___ GIVEN INFORMATION

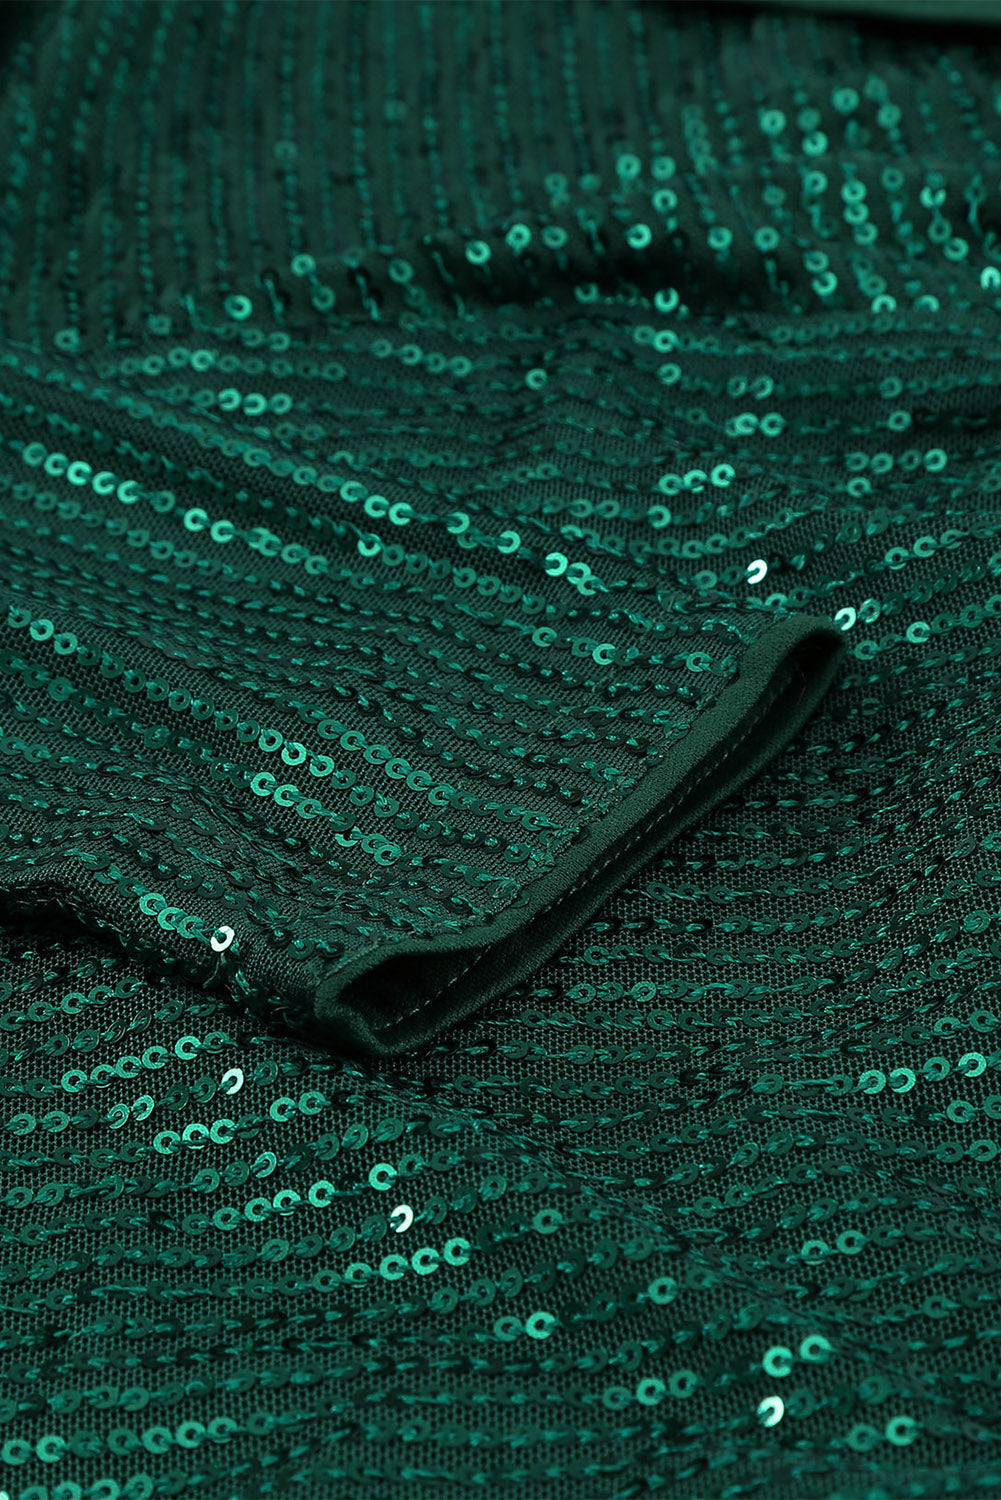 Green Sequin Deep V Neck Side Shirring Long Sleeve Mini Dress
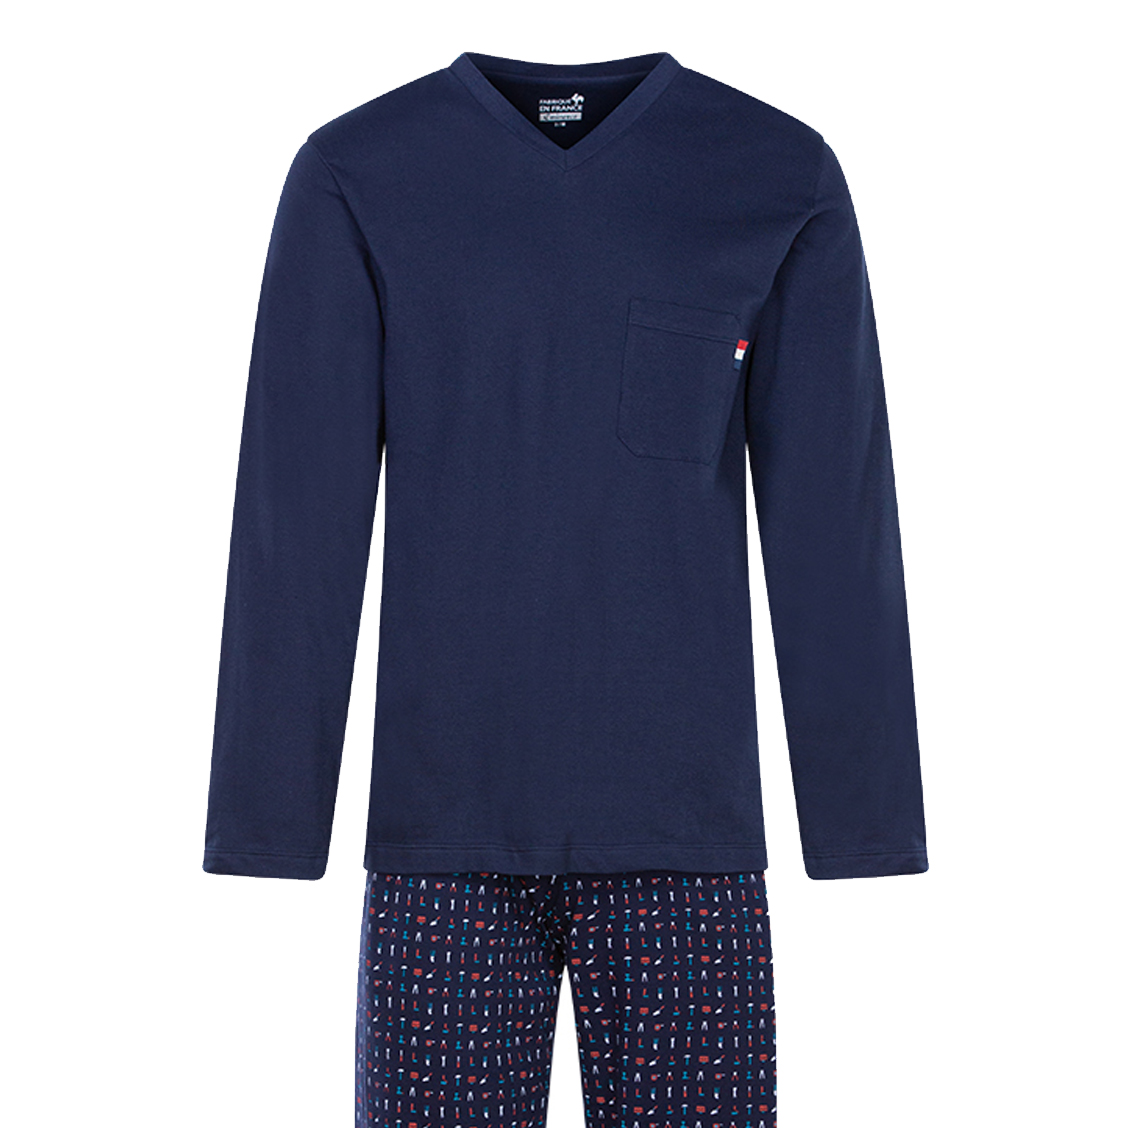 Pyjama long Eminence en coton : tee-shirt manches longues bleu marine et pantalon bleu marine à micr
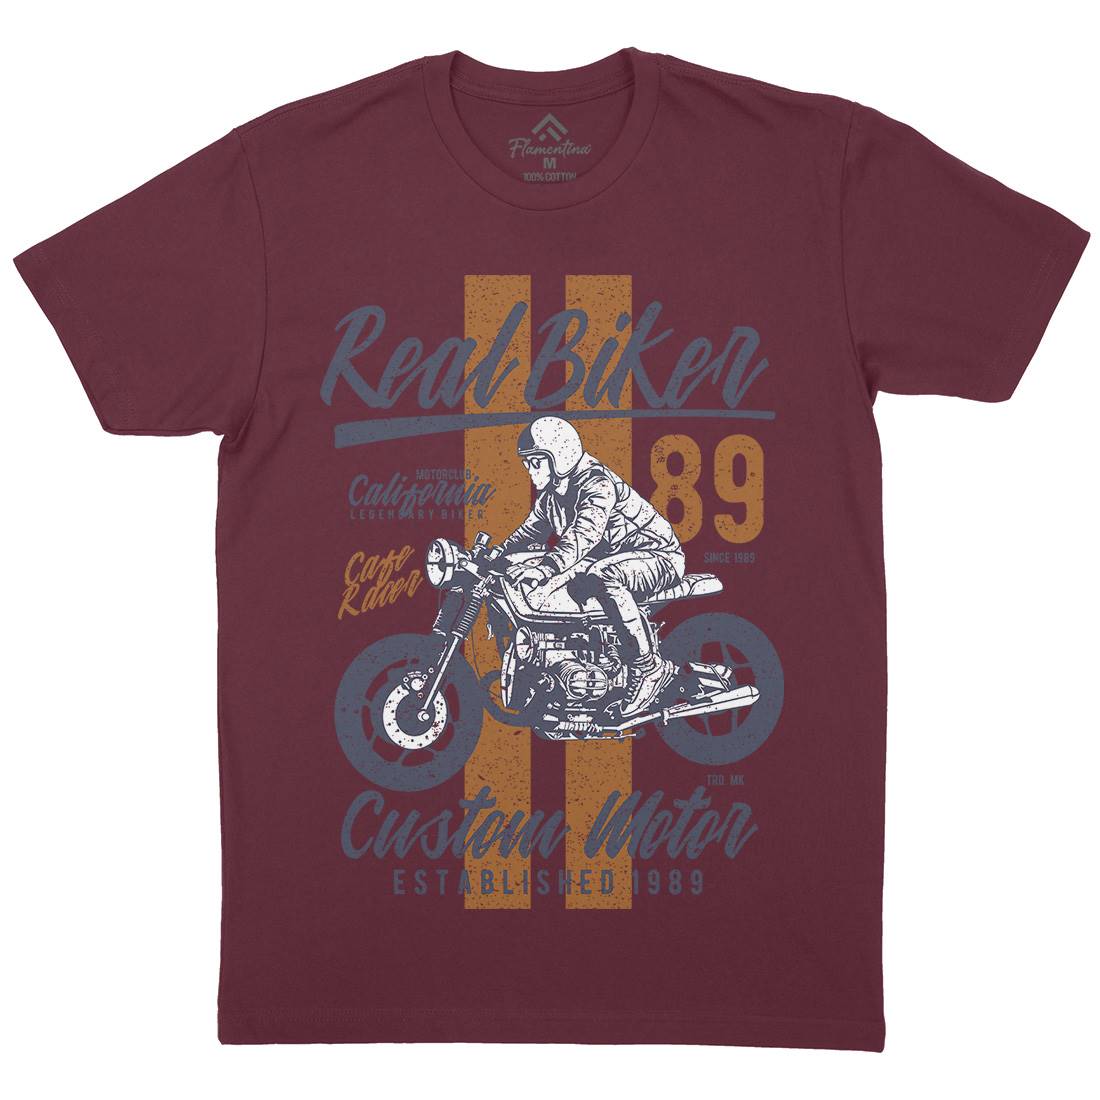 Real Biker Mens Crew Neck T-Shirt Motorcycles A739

______

AIM OF THE TASK:
In the copy, include exactly the lines from the one with "Pyjama long Eminence" through the final line of the data, both ends included, and no pictures.

ANSWER SPACE:
 Pyjama long Eminence en coton : tee-shirt manches longues bleu marine et pantalon bleu marine à micr
 Real Biker Mens Crew Neck T-Shirt Motorcycles A739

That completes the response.